One thing working very much in Yesterday is History‘s favour is that Jackson, himself a gay man who has taken his own journey to a very good place in life, is that it makes its premise really work for the heartfelt and funny tale it tells with dialogue that is funny and smart and prose redolent with insight, empathy and sweet, assuring take on queer love.
It’s a tricky act melding an off-the-wall idea with real flesh-and-blood humanity but Jackson does it beautifully, with time travel acting as the catalyst for a whole lot of changes in Andre’s life, many of which he is ill-equipped to deal with, just as we all are at his age.

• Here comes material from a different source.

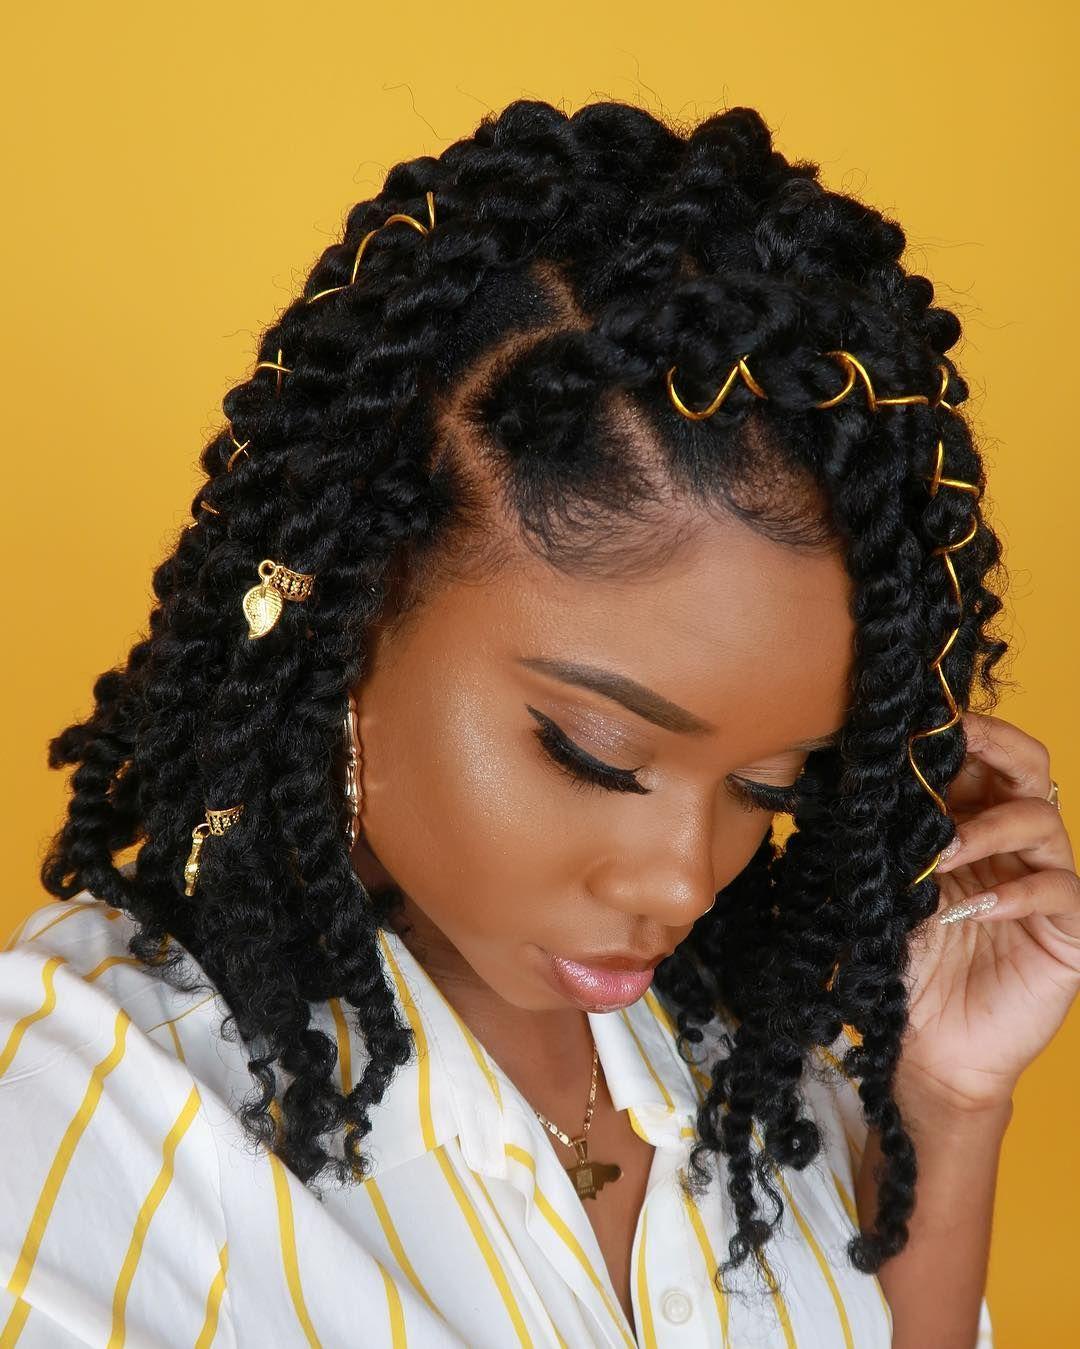 Passion Twist Hair Natural Black Water Wave Bohemian Braids Summer Hairdos Natural Hair Styles Twist Hairstyles
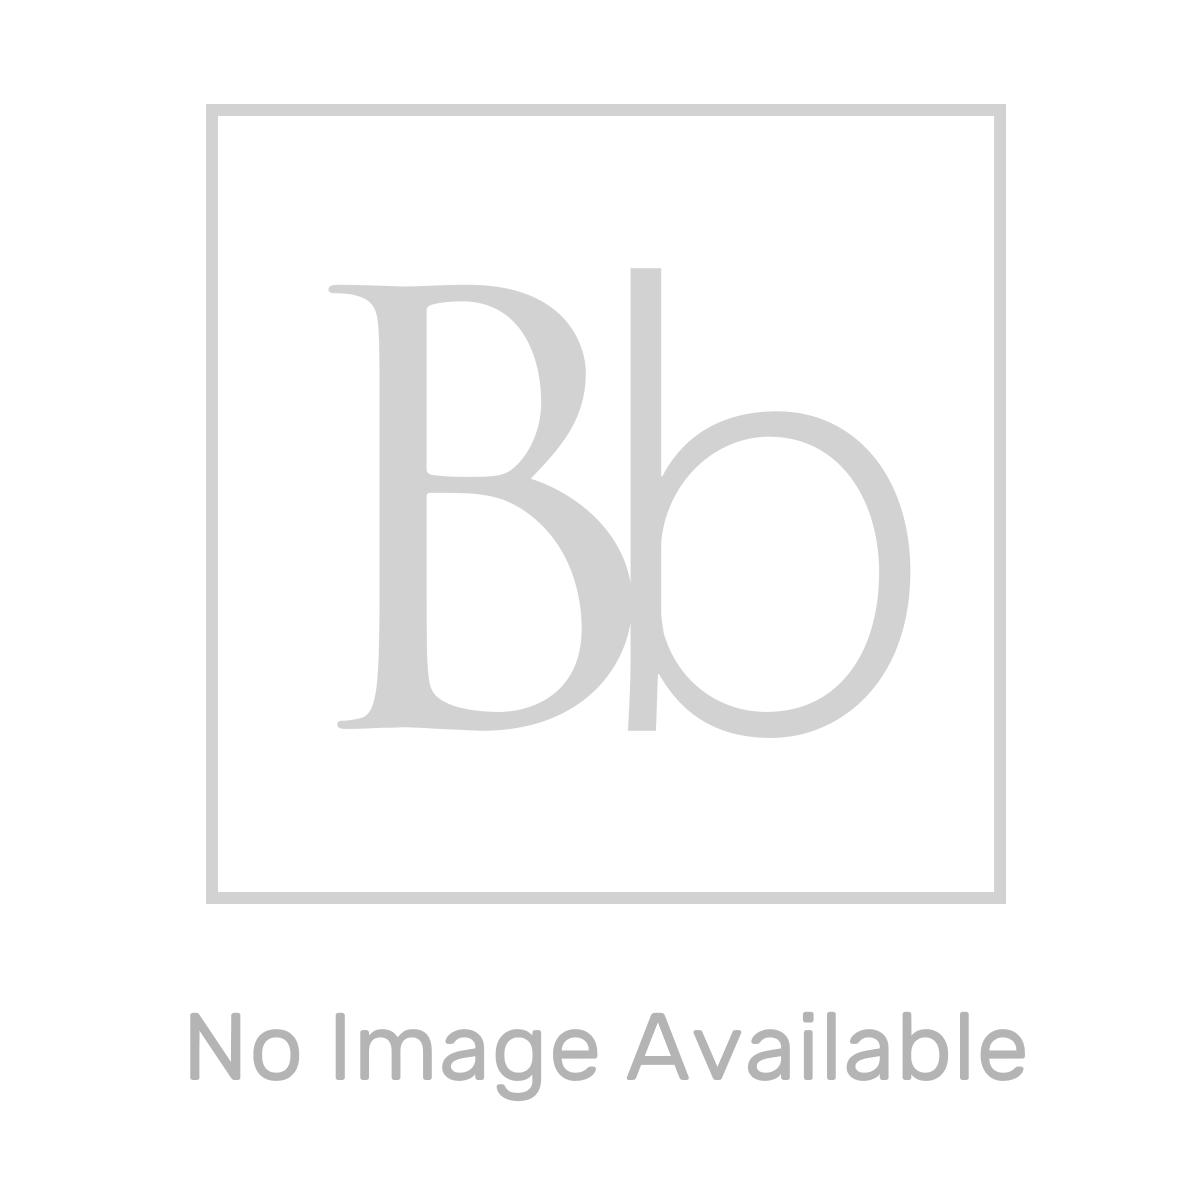 Aquadart Rectangular 1000 x 900 Shower Tray Line Drawing

He may be a smart, direct and logical who is fazed by very little at the start of his extraordinary journey but as the story progresses, anchored by a realness that belies the premise on which it rests, he realises there’s a lot he has to learn about life, love and all the stuff that fills up our existence when we’re not looking.
Andre, admittedly, has more to deal than most kids his age, but at the heart of it, he is another young man figuring out who he is away from his parents, whether that’s career-wise, love-wise or study-wise, and summoning up the courage to be someone entirely different from who expected to be.
In a story that is equal parts fantastical, moving, funny and just plain clever, we see again and again how challenging it can be to chart your own course, especially when you’re bouncing between now and then, but how enticingly thrilling things might be if you do.
“‘But why can’t we’ I argue. ‘There is a line between abusing power and using it to make the world better, Mrs. McIntyre. You’re smart enough to know when not to cross that line.’
She chuckles, but it’s one of those chuckles that is filled with sadness instead of comedy.
‘Stronger men and women than me have thought that they could do exactly what you’re suggesting, Andre. And every time, they realize that they have done more harm than good. And it breaks them.'” (P. 245)
A heart pleasing deep dive into the human condition in its adult-nascent form, Yesterday is History is an absolute pleasure to read.
It manages to take you on a marvellously unique adventure, adding something pleasingly original to the time travel genre which may look beyond any kind of reinvention, big or small, while never once straying from an examination of what it means to lose what you always thought was locked in and certain, and find that maybe, just maybe that’s not such a bad thing.
Yes, Andre’s journey is complicated by the most unusual of love triangles and true, not many people have to grapple with becoming accidental chrononauts after a liver transplant, but for all those extraordinary elements, Andre’s story is a very simple human one – we all want to be loved, to belong and feel like our lives matter, and Andre, of course, is no different.
Yesterday is History is an absolute joy to read, rich with heartfelt queer humanity, grief, loss, hope, vibrant humour, social commentary, ambition, doubt and fear and the most audaciously introduction to rethinking life’s priorities that anyone has had in a good long while, but at heart, a tale that is universal to all, one built around an achingly sweet and beautiful love story that simultaneously makes all the other stuff on the table of life make sense and not matter at all, because finally you belong and it feels better than you could ever have imagined.